In the years that followed, as Williams became more and more famous for her rocket serve and guided-missile groundstrokes, she lost sight of the fact that before she was a champion, she was a grinder. The coronavirus pandemic, now in its second lap around the calendar, has given Williams, like so many others, ample time for reflection.
And what she realized, she said Tuesday, was this: “I’m good at rallying, and I have to embrace the things I’m good at. I’m good at playing power, I’m good at hitting a hundred balls. And that’s one thing that’s unique about me that I just need to kind of accept and embrace and just be good at both.”
Osaka was not alone in keeping a close watch on Williams’s match. No fans were allowed inside Rod Laver Arena because of a five-day lockdown imposed after the Australian authorities detected a cluster of coronavirus infections in the area. But Williams and Halep had a crowd of roughly five dozen spectators anyway, as people associated with the tournament slipped into seats to watch in person with the players’ entourages.
“I feel like everyone in the tournament watches her,” Osaka said, referring to Williams. “Like, whenever I go to the locker room or whatever, there’s always just people lounging around and stuff, watching her match.”
Since Williams last won a Grand Slam title, a lot of the attention in women’s tennis has shifted to Osaka. In 2020, she supplanted Williams as the highest-earning woman in sports on the strength of more than $30 million in off-court endorsements. Her rise led a reporter on the eve of this tournament to ask how she was dealing with being seen as the face of women’s tennis.
“As long as Serena’s here,” Osaka replied, “I think she’s the face of women’s tennis.”
Who is Williams to argue? She has worn a diamond-encrusted “QUEEN” necklace during all her matches.

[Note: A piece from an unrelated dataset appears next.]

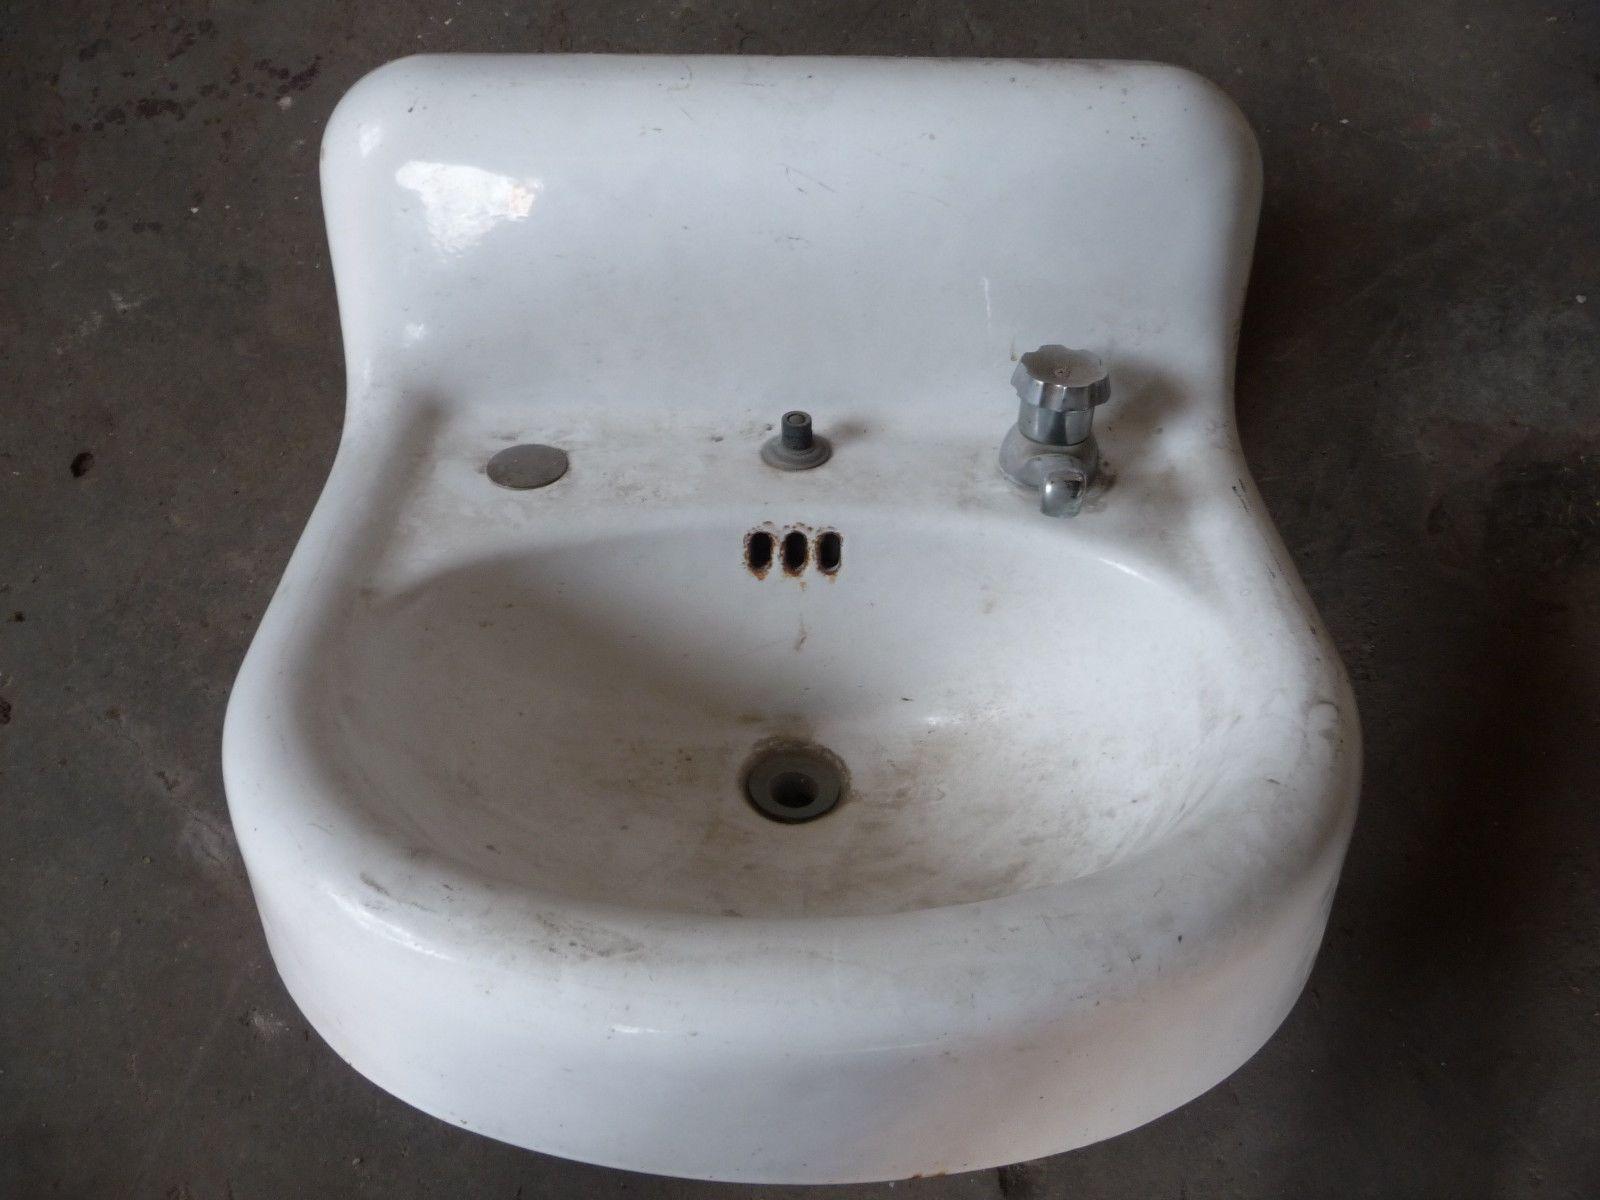 Antique Victorian Bathroom Lavatory Sink - Circa 1905 Architectural ...

Thursday’s meeting with Osaka will be Williams’s 40th Grand Slam semifinal. It will also be her first time squaring off against Osaka in a Grand Slam event since their 2018 final in New York, a match that turned turbulent when Williams argued with the chair umpire, who called three code-of-conduct violations against her. The incident turned the crowd against the umpire, and indirectly, Osaka, souring her moment of victory.
In the afterglow of her quarterfinal victory, Williams’s smile didn’t waver when she was asked about her relationship with Osaka.
“I think we both have had closure,” Williams said of the 2018 final. She added, “I think she’s a great competitor and a cool cat.”
Williams and Osaka might have squared off in another U.S. Open final last year if not for the heel injury that hampered Williams in her semifinal loss to Victoria Azarenka. Unlike Osaka, who skipped last fall’s rescheduled French Open because of a strained hamstring, Williams played at Roland Garros less than three weeks after the Open. She won her first match before pulling out of the tournament, a decision that proved providential.
When the start of the Australian Open was pushed back three weeks because of the pandemic, Williams had three open months on her calendar, a welcome block of time that she used to heal her injury and improve her conditioning.
According to Patrick Mouratoglou, who has been Williams’s coach since 2012, she rededicated herself to the unglamorous work of improving her fitness, with an emphasis on footwork and speed.
“It’s a lot of little details that make a big difference,” he said.
The daily conditioning grind she endured through November and December has allowed Williams to run down balls and extend rallies in February. While she is known for her attacking style, her best offense in her past two matches has been her defense.
“She’s moving better,” conceded Halep, adding: “It’s much easier for her to hit the balls. It’s tougher for the opponents to finish the point.”
Williams “has a really good game,” Halep said. Then she caught herself. Laughing, she said, “She always did.”